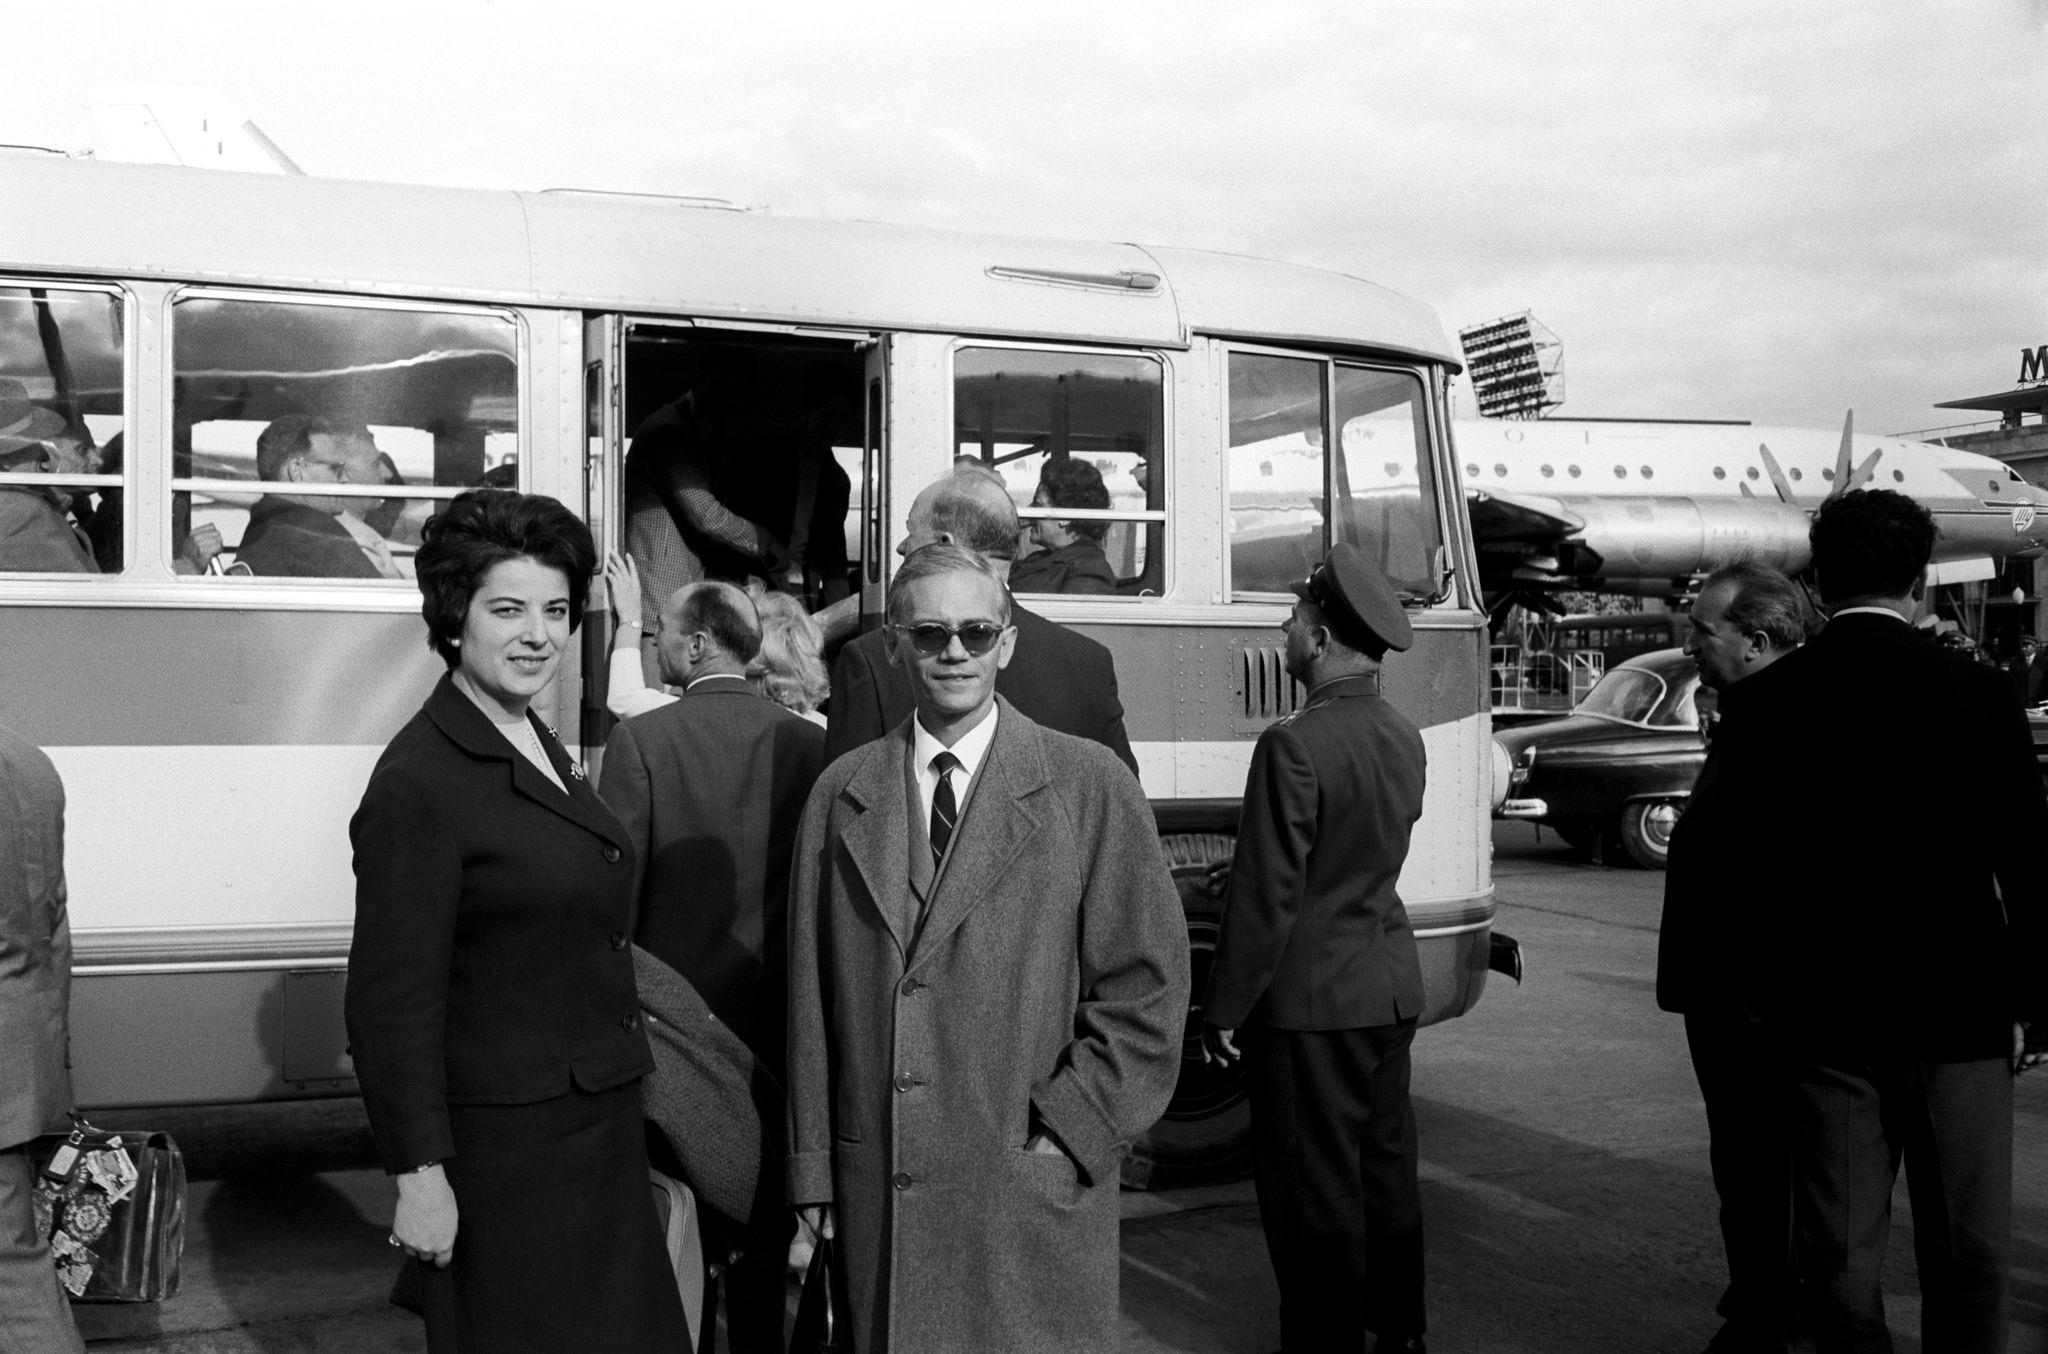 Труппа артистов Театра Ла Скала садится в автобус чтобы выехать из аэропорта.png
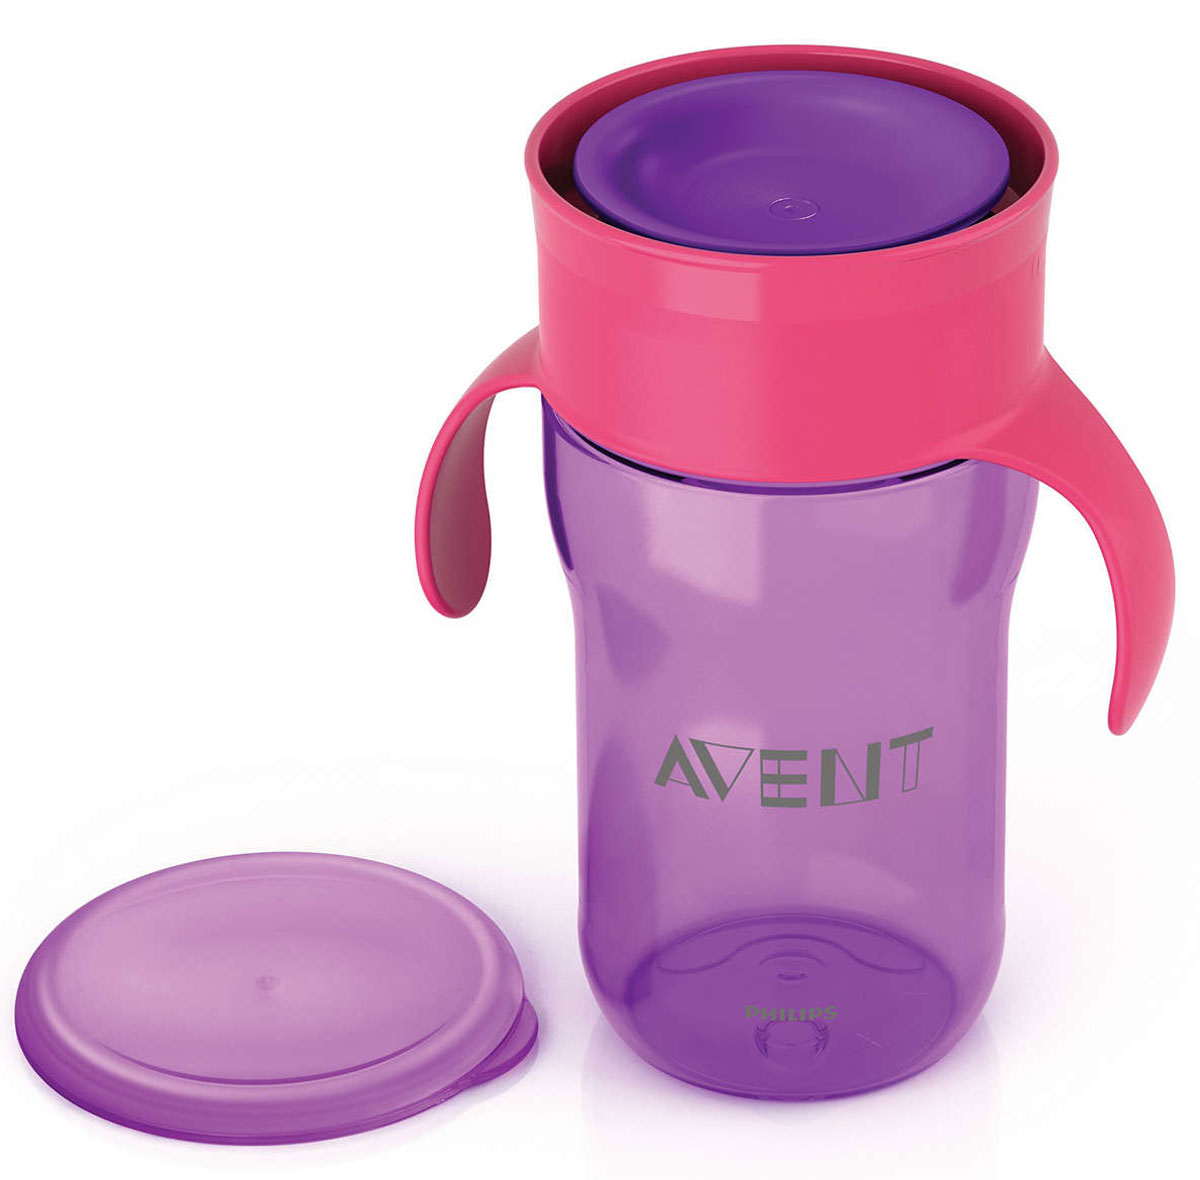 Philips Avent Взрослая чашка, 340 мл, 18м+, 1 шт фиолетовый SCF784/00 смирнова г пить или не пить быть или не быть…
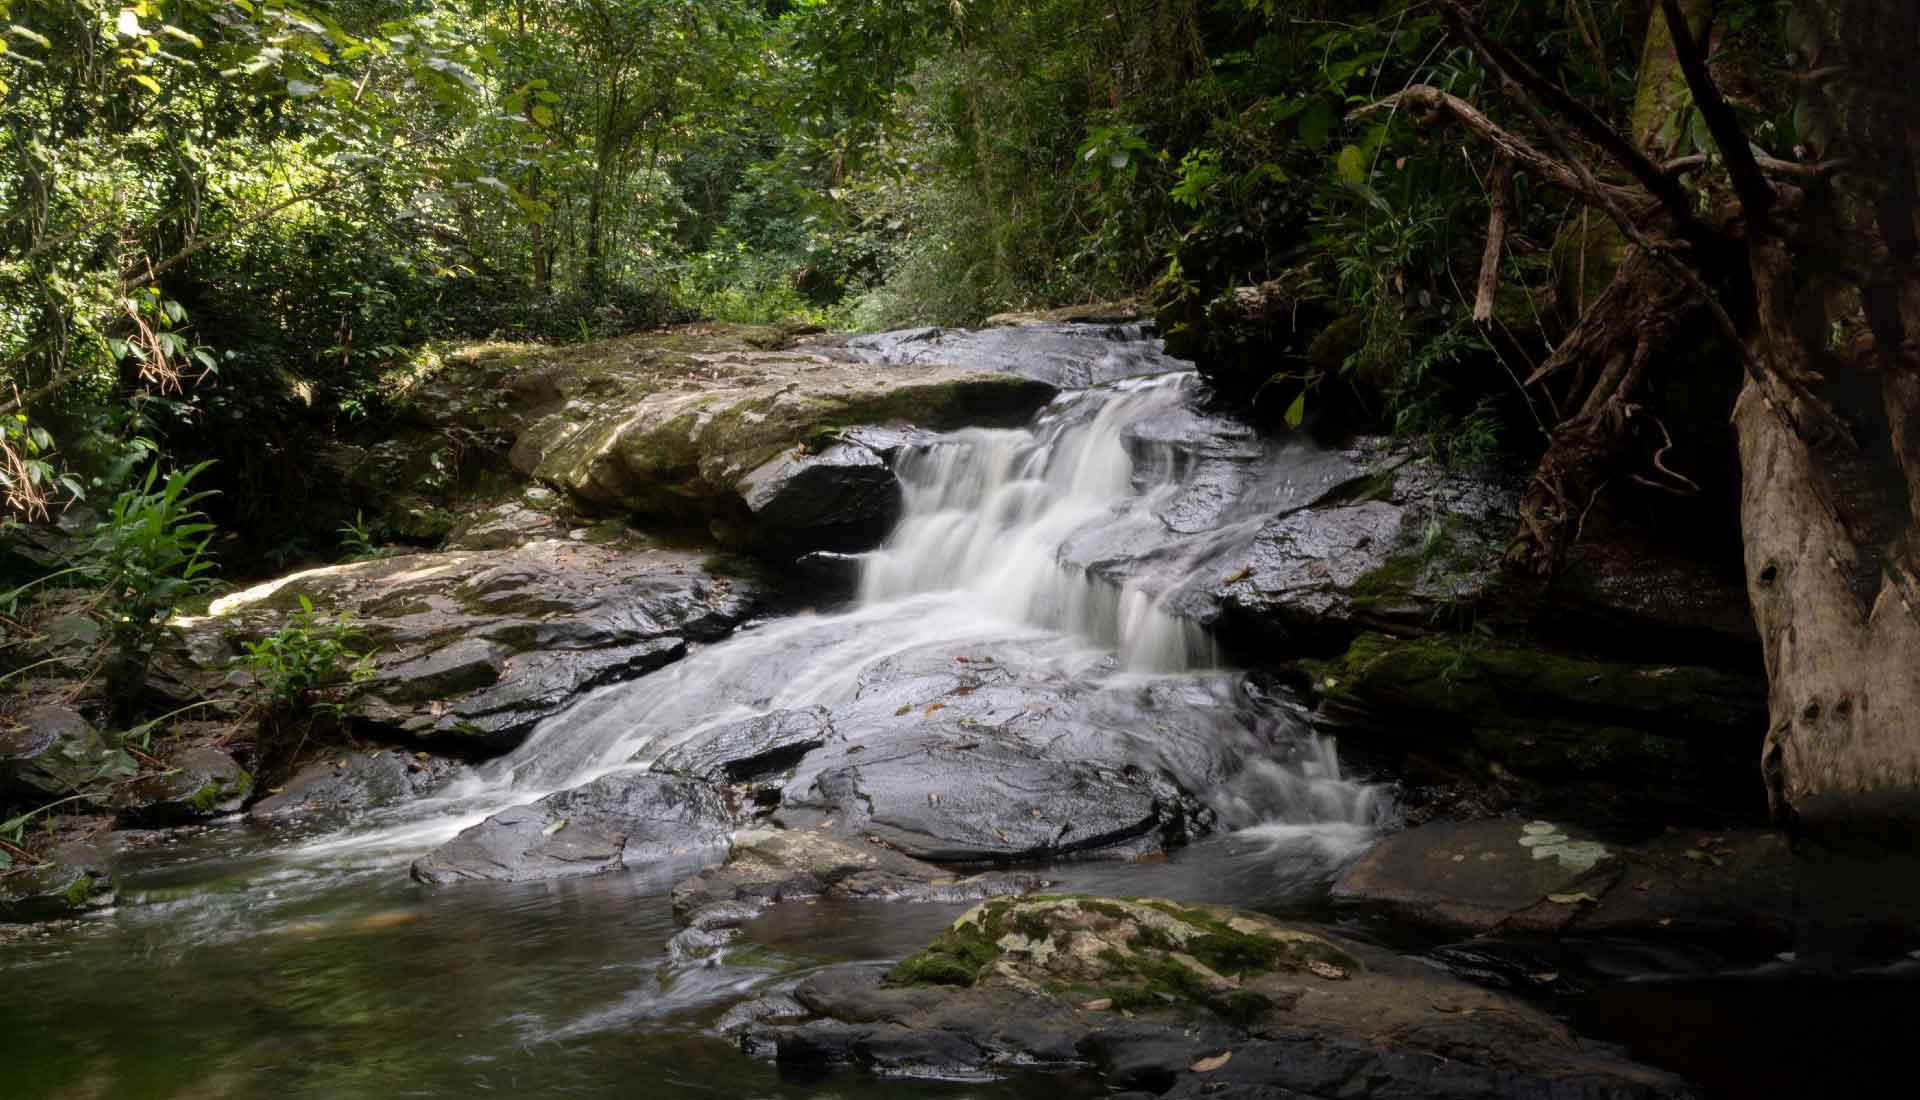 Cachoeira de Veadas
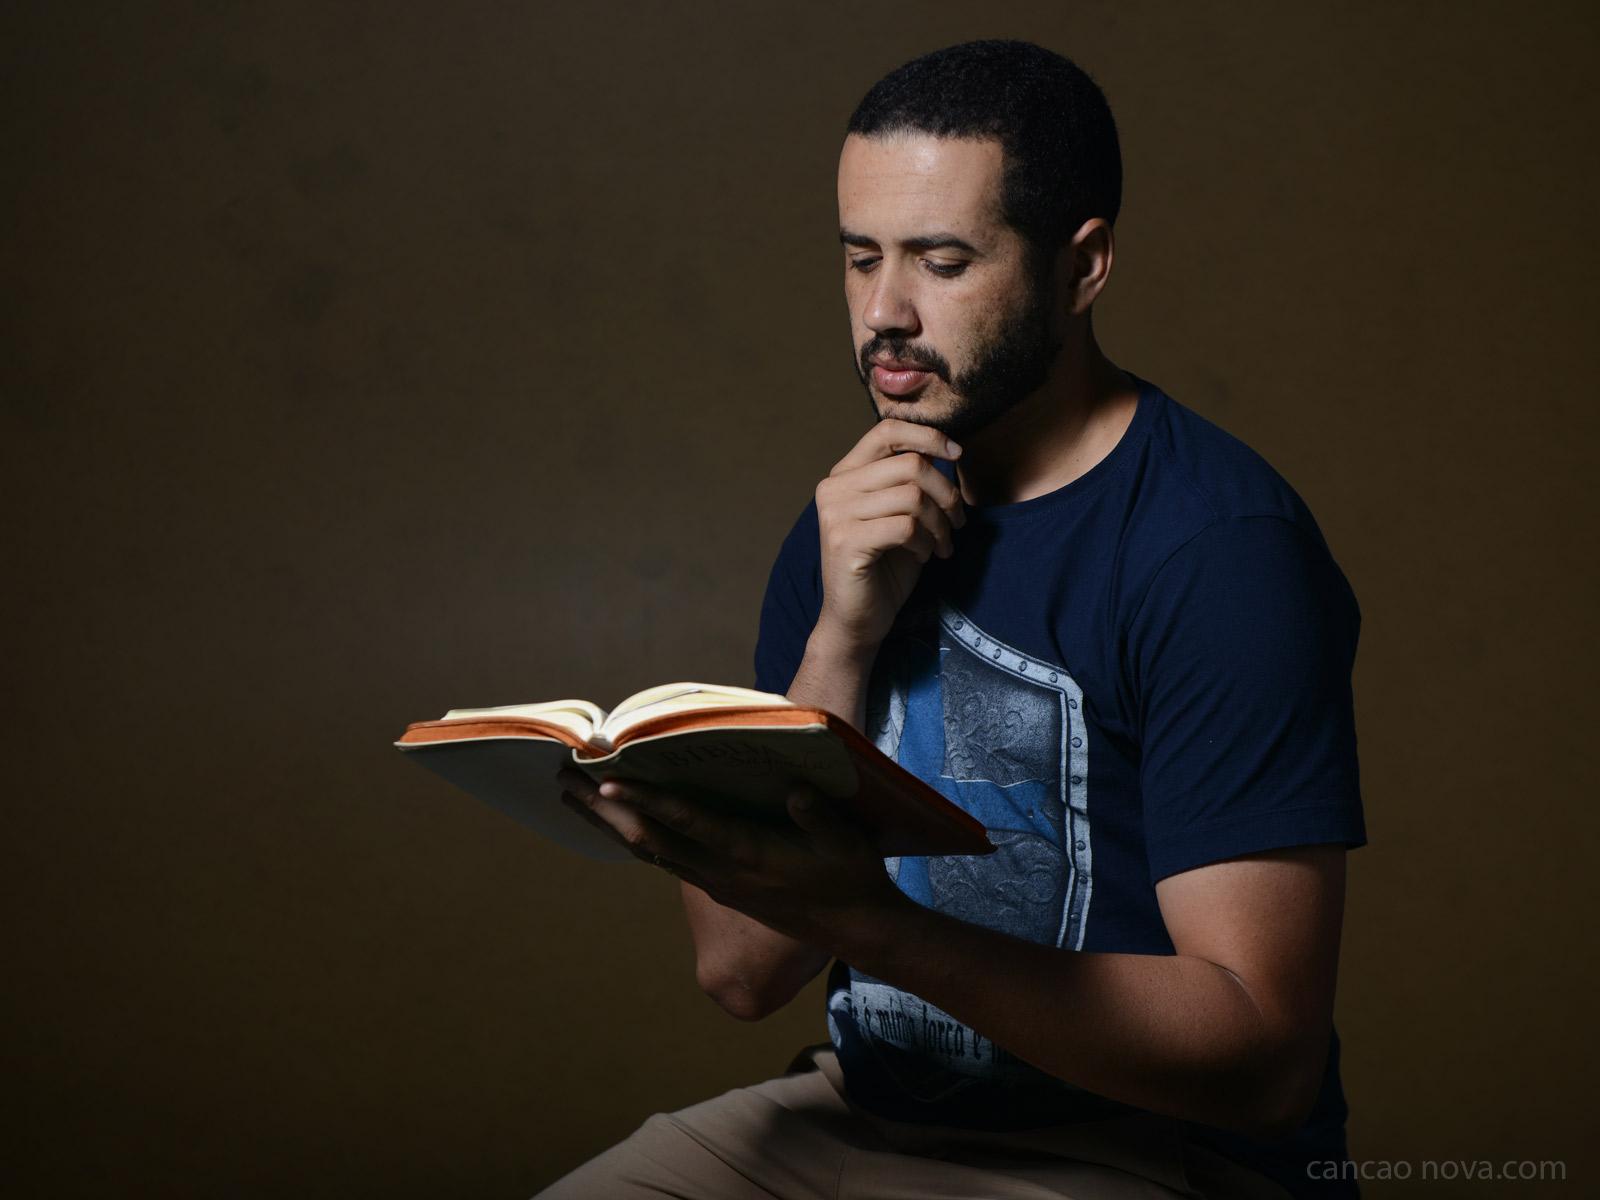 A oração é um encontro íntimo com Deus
____
What you should do:
Please reproduce the lines above from the one containing "Philips Avent Взрослая" through the final line, exactly and inclusively, leaving out each picture.

Answer area:
 Philips Avent Взрослая чашка, 340 мл, 18м+, 1 шт фиолетовый SCF784/00 смирнова г пить или не пить быть или не быть…
 Cachoeira de Veadas
 A oração é um encontro íntimo com Deus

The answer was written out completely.